Attention : les coachs ne sont pas nécessairement habilités à effectuer des bilans de compétences en bonne et due forme, bien que certains s'en prévalent. Définissez avec précision vos besoins et objectifs et tentez d'avoir une vue claire des outils qui seront utilisés.
Les réseaux d'expatriés
Ces derniers ne sont pas à sous-estimer dans l'aide qu'ils peuvent vous apporter dans votre processus de réorientation professionnelle. Constitués de personnes souvent dans le même cas que vous, les réseaux apportent conseils et soutien, par le biais d'associations ou de façon plus informelle (groupes constitués sur des réseaux sociaux).
Certaines associations promeuvent activement des ateliers, des activités de mentorat et d'aide à la reconversion. Consultez le site du consulat du pays où vous résidez. Il tient à jour une liste des associations professionnelles utiles sur place.

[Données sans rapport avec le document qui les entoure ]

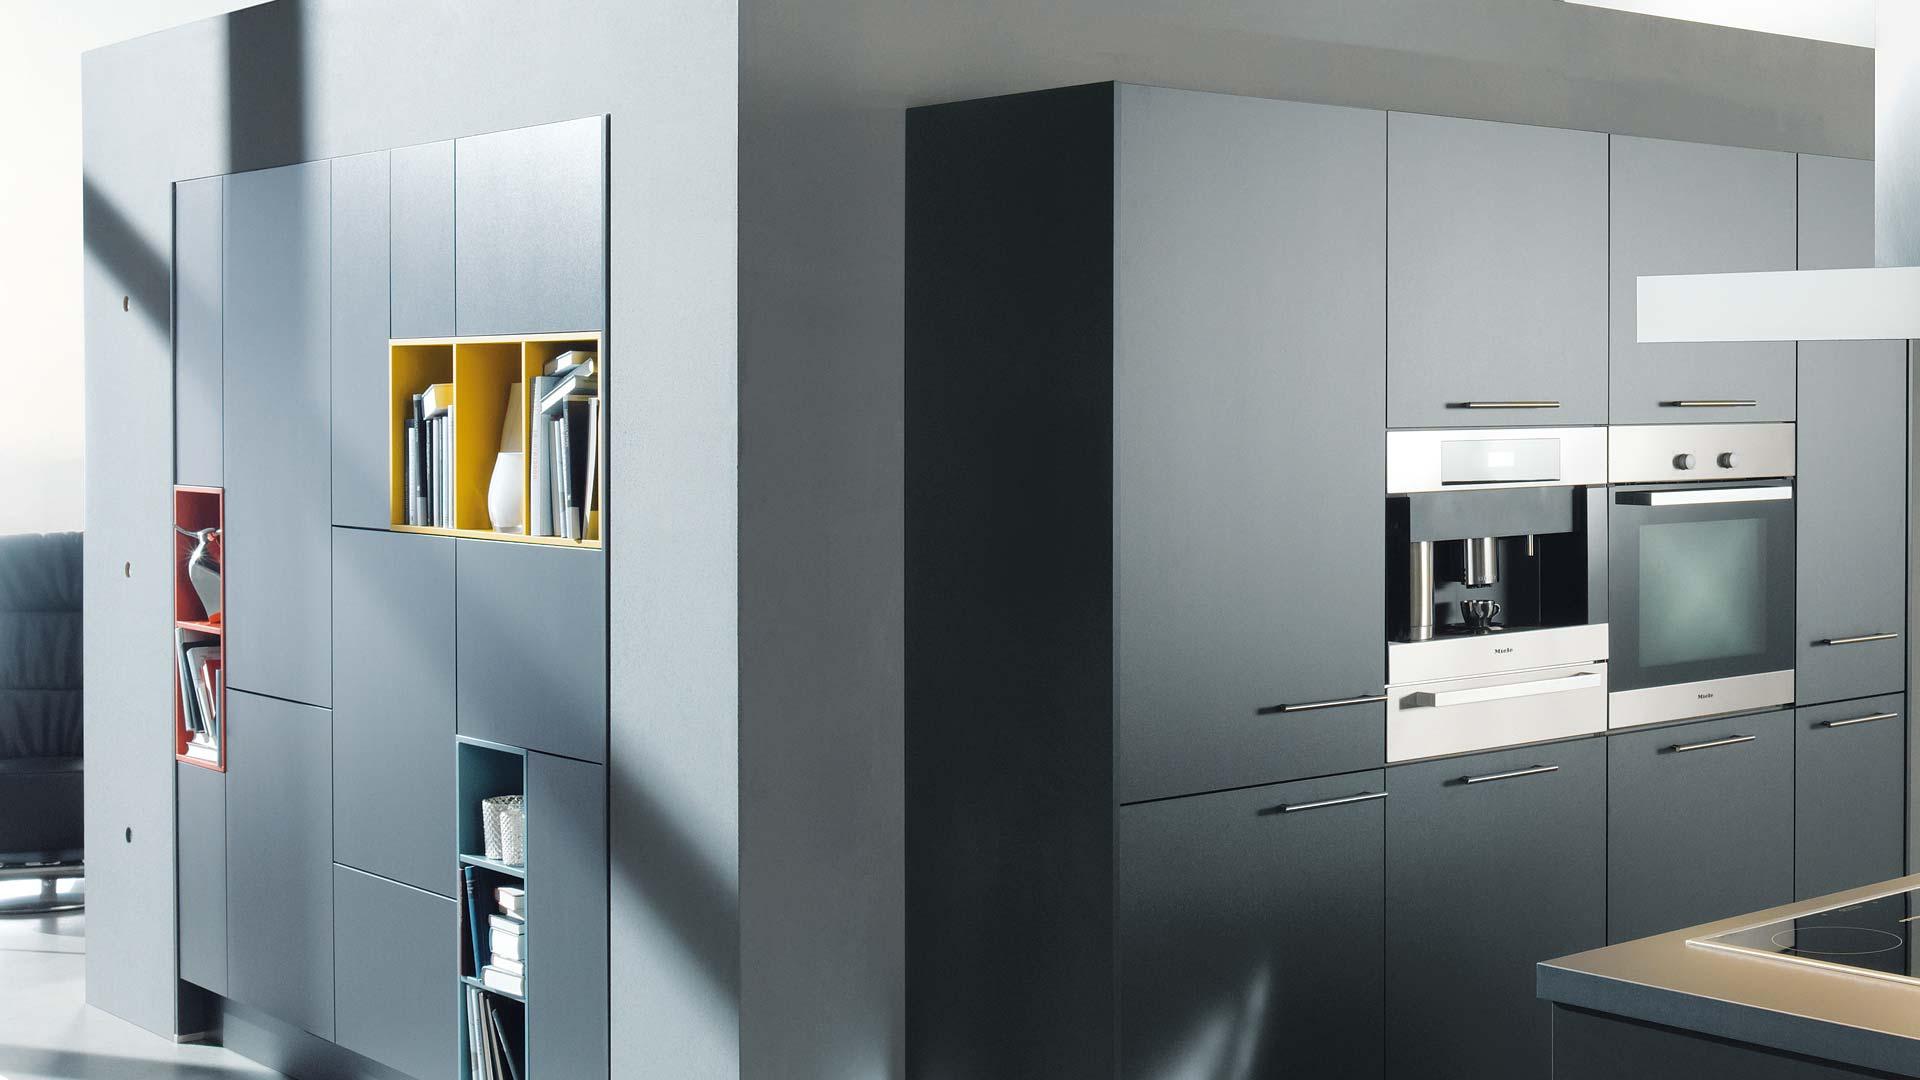 k chen hannover hesse. Black Bedroom Furniture Sets. Home Design Ideas

Envisager le statut d'entrepreneur
Songez également à la création d'entreprise, dans le cadre de votre reconversion. Vous serez peut-être surpris de découvrir que de nombreux expatriés ont “profité” de l'expatriation pour lancer une activité en indépendant. La création d'entreprise peut en effet s'adapter de manière souple à vos nouvelles aspirations professionnelles dans la mesure où vous ne dépendez pas d'un employeur qui devra “miser” sur vous alors que vous n'avez pas encore d'expérience dans le secteur cible de reconversion. Vous vous formez, construisez votre offre et vous vous lancez par vous-même. Une expérience formatrice, à n'en pas douter !
Tout dépendra ensuite du statut à l'étranger accordé à ce type d'activité en indépendant. Certains pays encouragent ces démarches tandis que d'autres y posent un certain nombre de contraintes, notamment administratives.